Ho dei buoni progetti per il mio futuro. Ma tornando al presente, sono in ritardo.
Mi diressi verso il bagno chiudendomi a chiave. Avevo ormai preso questa abitudine, chiudermi in bagno. Da quando Patrick, il compagno di mia madre, si era stabilito da noi, ho sempre avuto paura potesse entrare mentre facevo le mie cose. 
Sì, sono una ragazza complessa. 
Uscita, presi velocemente una canotta arancione, su cui abbinai una camicia da tenere aperta. Indossai i miei jeans blu, accompagnati dalle converse bianche. Presi lo zaino sopra la sedia, e scesi al piano terra. 
“Phoebe, non fai colazione?” mia mamma mi raggiunse mentre addentava una fetta biscottata.
“No mamma, sono in ritardo. Ci vediamo più tardi” risposi abbracciandola e dirigendomi verso la porta d’ingresso.
Uscii notando il cielo leggermente nuvoloso. Odiavo questa città. 
E’ una città triste, isolata e circondata da un bosco abbastanza terrificante. C’è sempre stata una leggenda riguardo quel bosco.
Si dice ci siano strani esseri sovrannaturali, che uccidono. Esseri pericolosi. Ma non mi è mai stato detto cosa di specifico. Non che ci creda. Assolutamente. Sono le solite storielle che si raccontano ai bambini per farli spaventare.
Non mi sono mai comunque recata nel bosco. Mi è sempre stato proibito, ed ormai è una specie di raccomandazione. 
Mai una volta che quando esco di casa mia mamma mi dica “Non andare nel bosco”. Come se mi interessasse veramente entrare in quel bosco.

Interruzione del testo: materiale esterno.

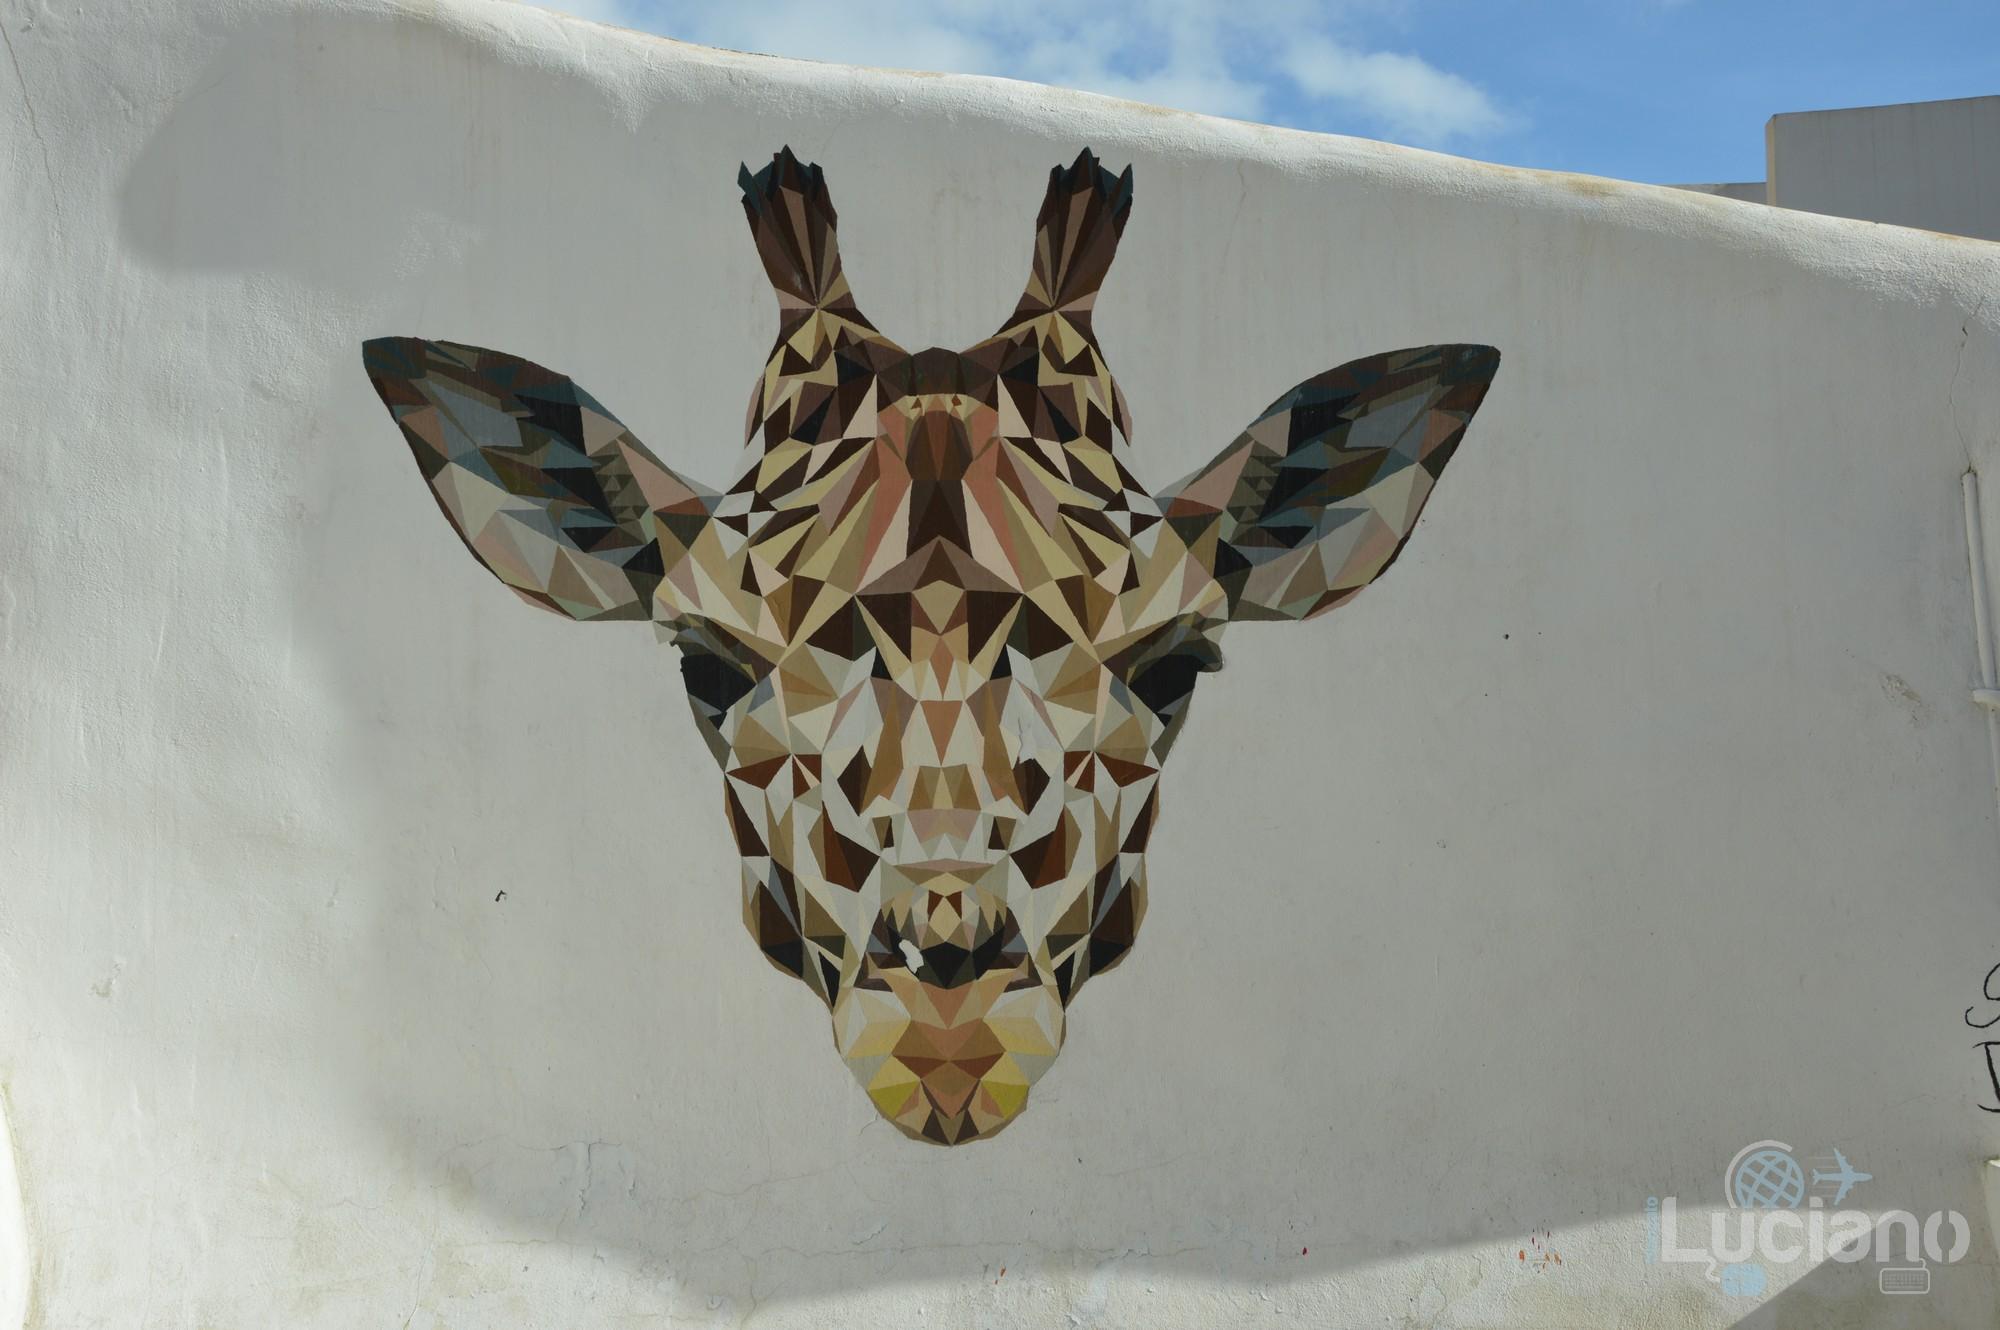 Giraffa simbolo del Farm Cultural Park a Favara (AG)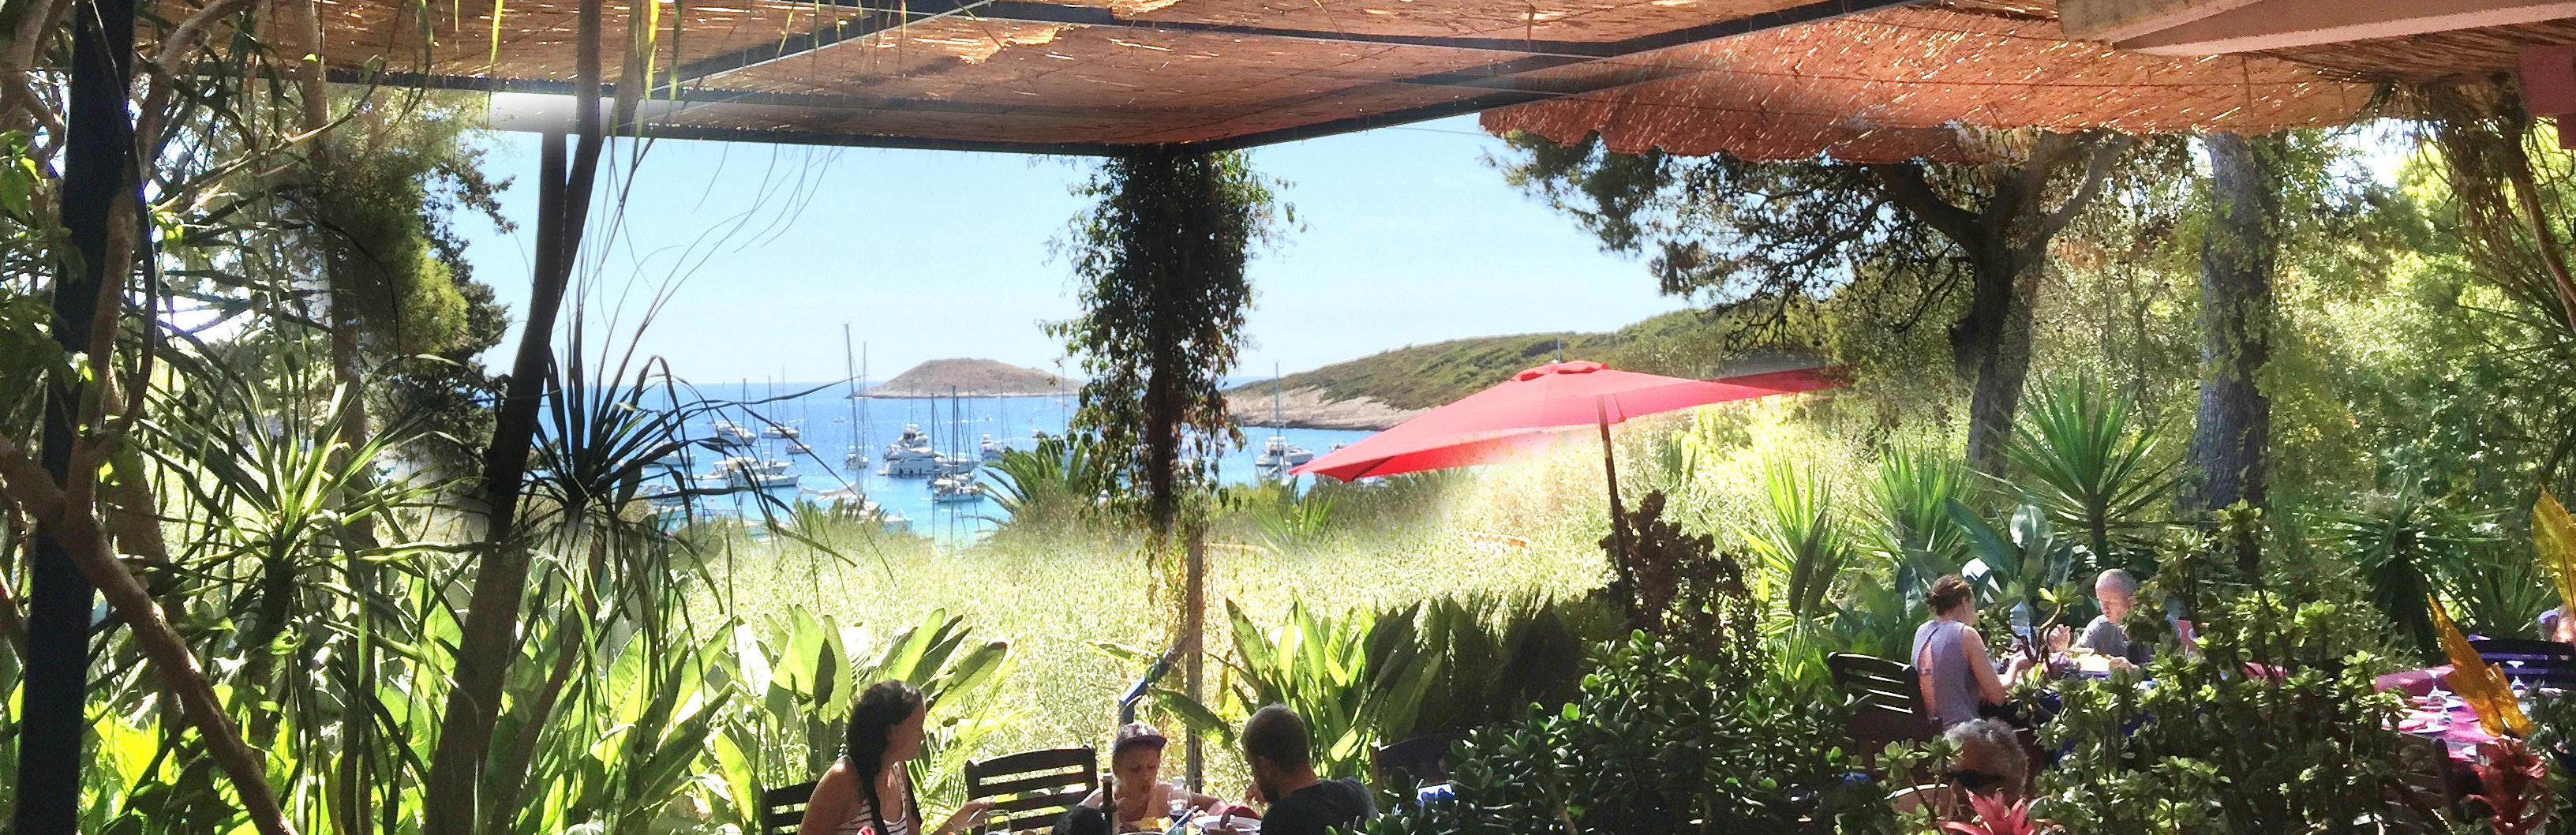 Foto De Stock Gratuita Sobre Restaurante Terraza Verano

Camminai per una decina di minuti prima di ritrovarmi davanti alla scuola. Tutti gli studenti con le stesse espressioni addormentate e smorte. Che consolazione. 
Entrai all’interno dell’istituto, e recandomi al mio armadietto presi due quaderni per poi entrare in classe. 
Mi sedetti in un banco in terza fila, sulla destra accanto al muro. Matematica alla prima ora. Da quando ci hanno detto gli orari mi sono sempre chiesta che idiota avesse scritto questo orario. E’ disumano mettere matematica alla prima ora.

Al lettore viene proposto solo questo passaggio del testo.